Early detection of plant diseases is essential for improving crop productivity and reducing agricultural losses This paper presents an AI-based rice disease detection system that leverages deep learning techniques to identify diseases from images of rice plants. The proposed system utilizes a Convolutional Neural Network (CNN) model trained on a labeled dataset to accurately classify different types of rice diseases. A web-based interface is developed using the Flask framework, allowing users to upload images for real-time analysis. Upon detection, the system provides instant results along with relevant information about the identified disease. Additionally, a voice alert feature is integrated to deliver audio feedback, enabling users to receive results in an accessible and user-friendly manner. By combining CNN-based image classification with a lightweight web application, the proposed solution enhances early diagnosis and supports better decision-making in crop management. This approach contributes to improving agricultural efficiency through the use of intelligent software-based tools
Introduction
The text discusses the importance of early detection of rice crop diseases to ensure good yield, food security, and reduced economic losses for farmers. Traditional methods of disease detection, such as manual inspection or expert consultation, are slow, require expertise, and are often inaccessible, leading to delayed diagnosis and damage.

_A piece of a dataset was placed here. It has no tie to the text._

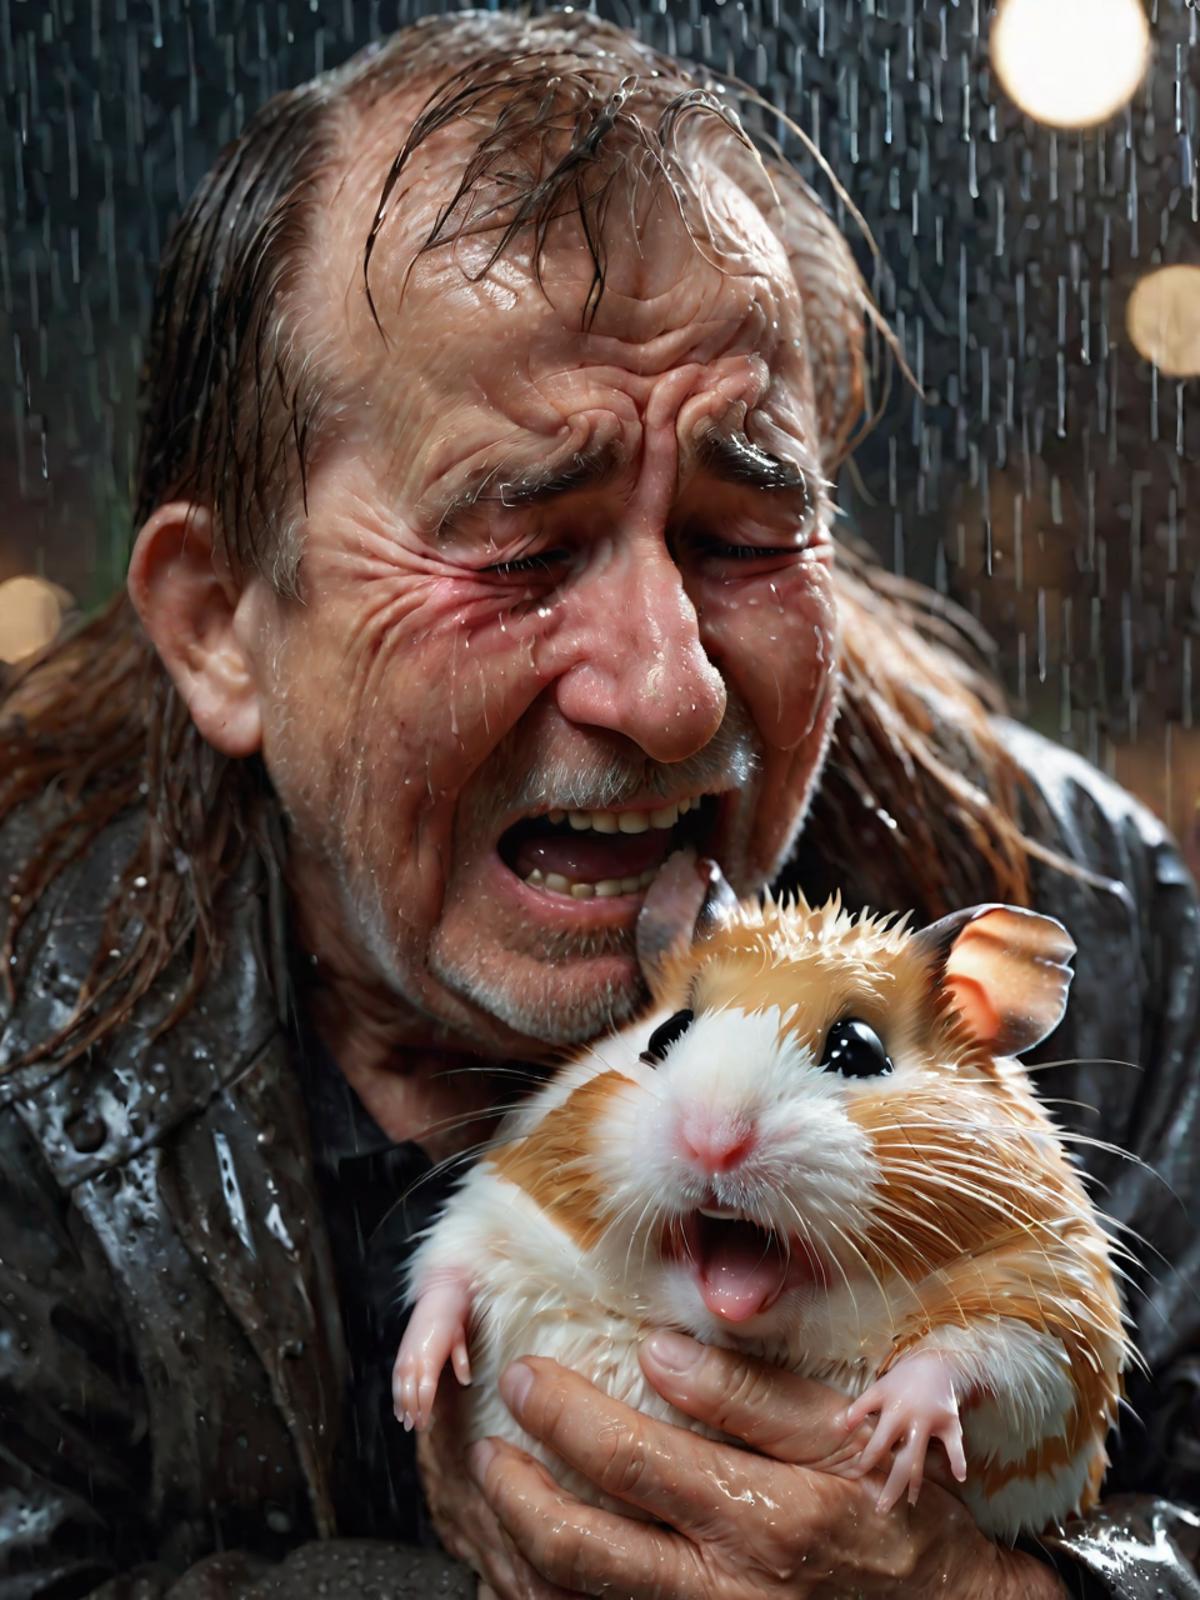 A man holding a wet hamster in the rain.

To overcome these challenges, the proposed system uses Artificial Intelligence, specifically Convolutional Neural Networks (CNNs), to automatically detect rice diseases from images. CNN models can accurately analyze visual features like color, texture, and patterns, enabling faster and more reliable disease classification.
The system is implemented as a web-based application using Flask, allowing users to upload images of rice plants and receive real-time predictions. It also includes a voice alert feature to improve accessibility, making it easy for non-technical users to understand results.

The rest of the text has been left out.